### Exercise instructions
When you copy the listing, skip the images and return each line verbatim.

### Dataset content
▶

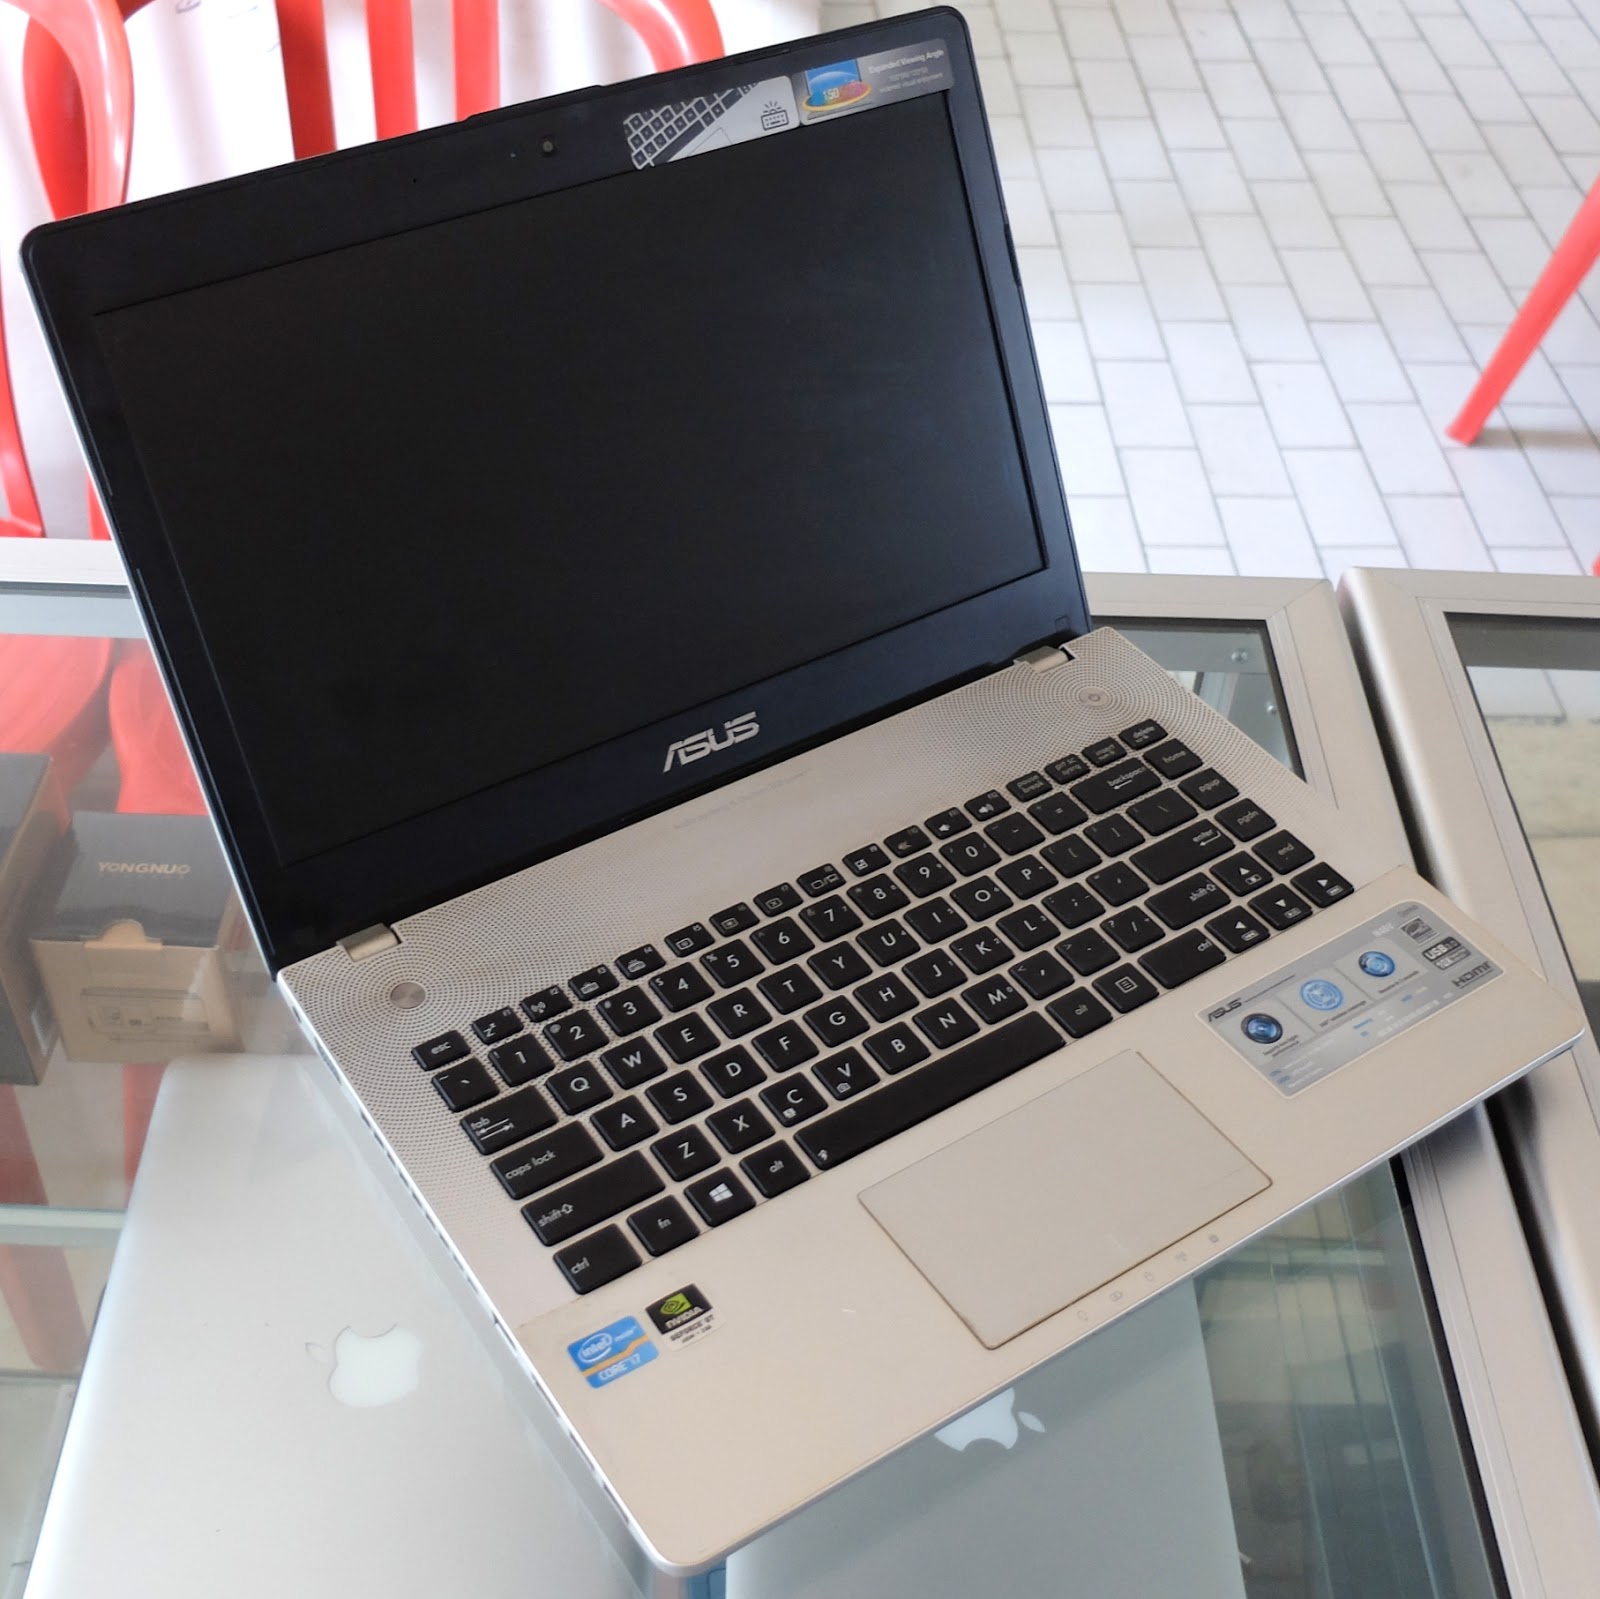 Jual Laptop ASUS N46VZ Core i7 Double VGA | Jual Beli ...
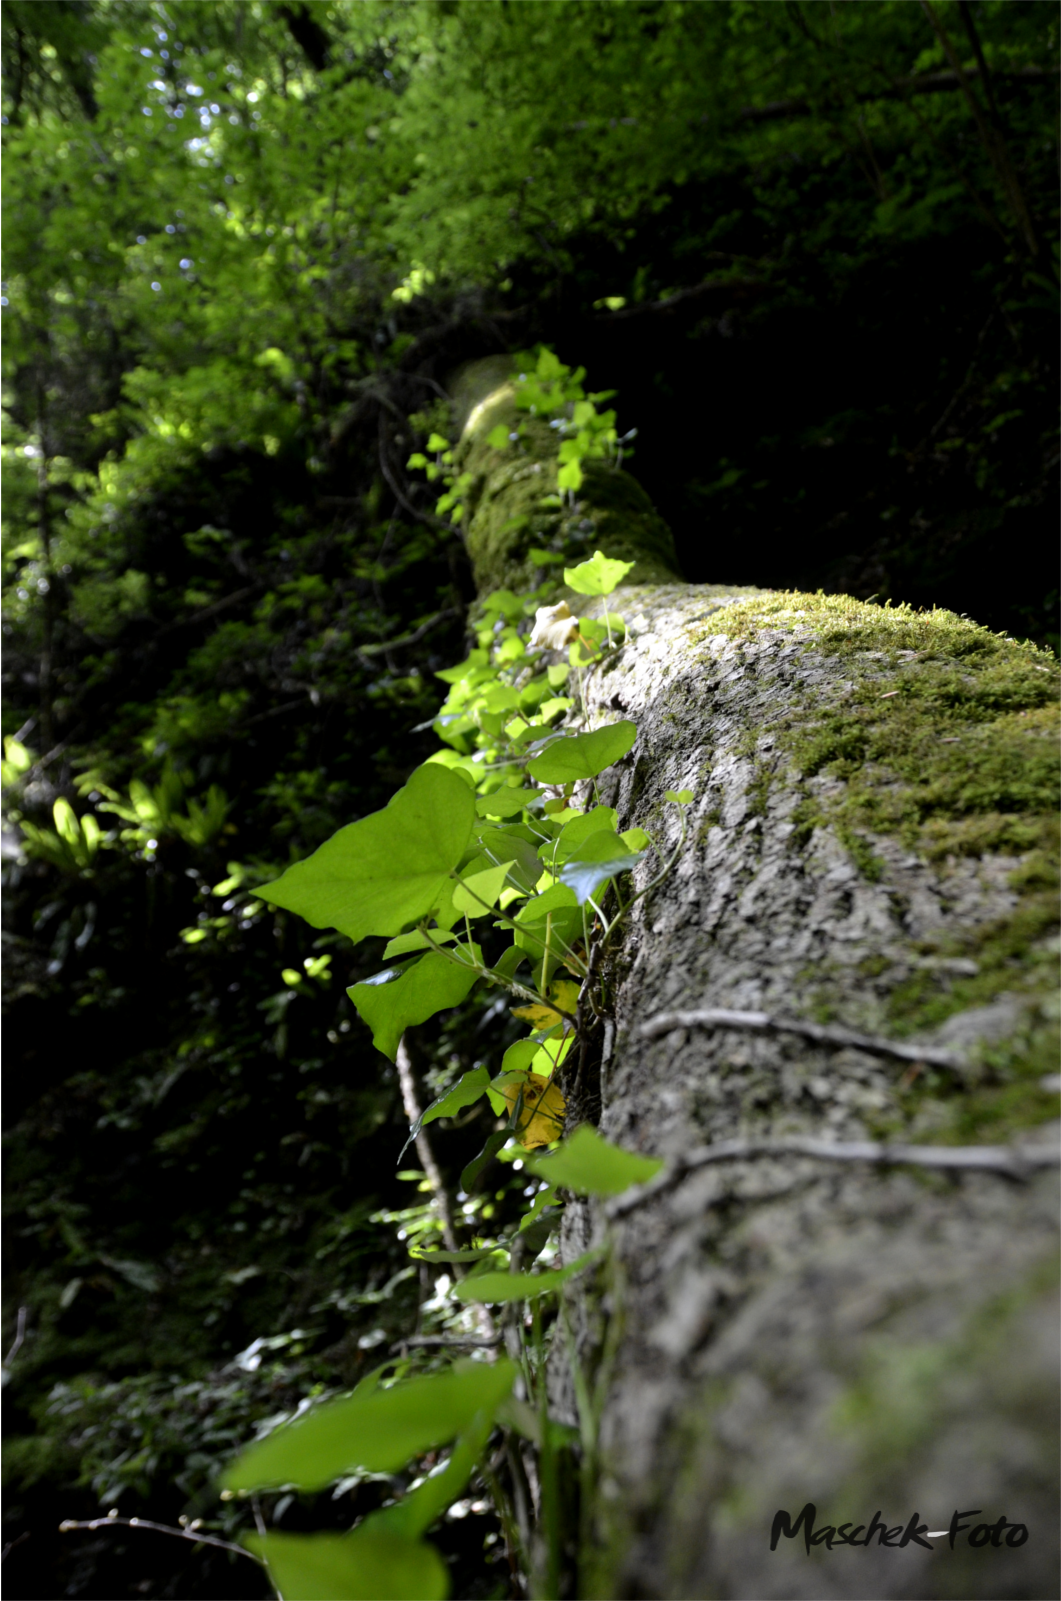 Badl Klamm Baum mit Kletterpflanze
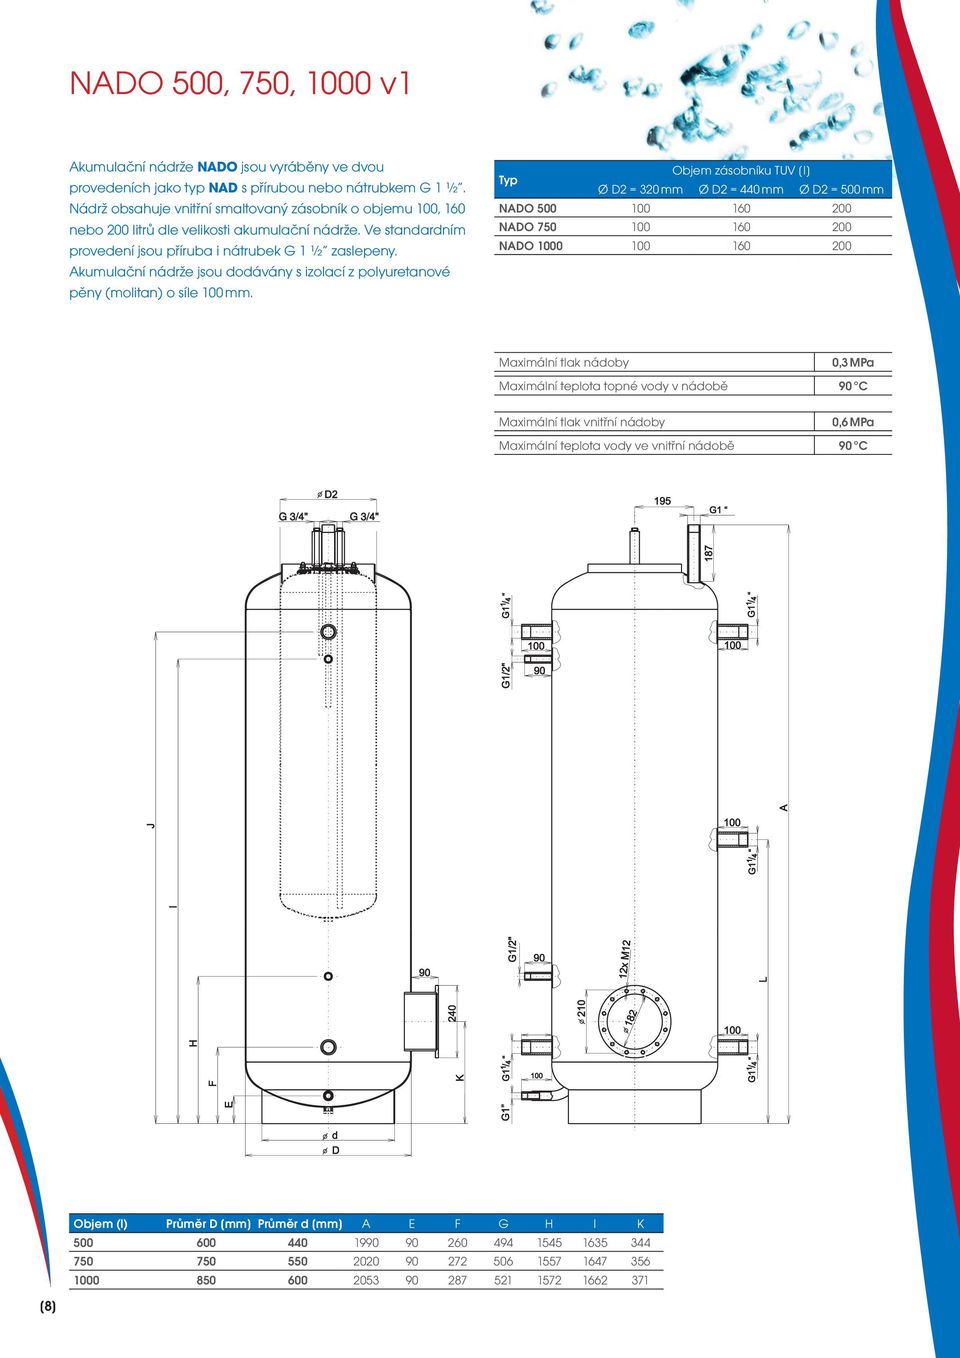 Akumulační nádrže jsou dodávány s izolací z polyuretanové pěny (molitan) o síle mm.

◀

### Answer space
 Jual Laptop ASUS N46VZ Core i7 Double VGA | Jual Beli ...
 Badl Klamm Baum mit Kletterpflanze
 Akumulační nádrže jsou dodávány s izolací z polyuretanové pěny (molitan) o síle mm.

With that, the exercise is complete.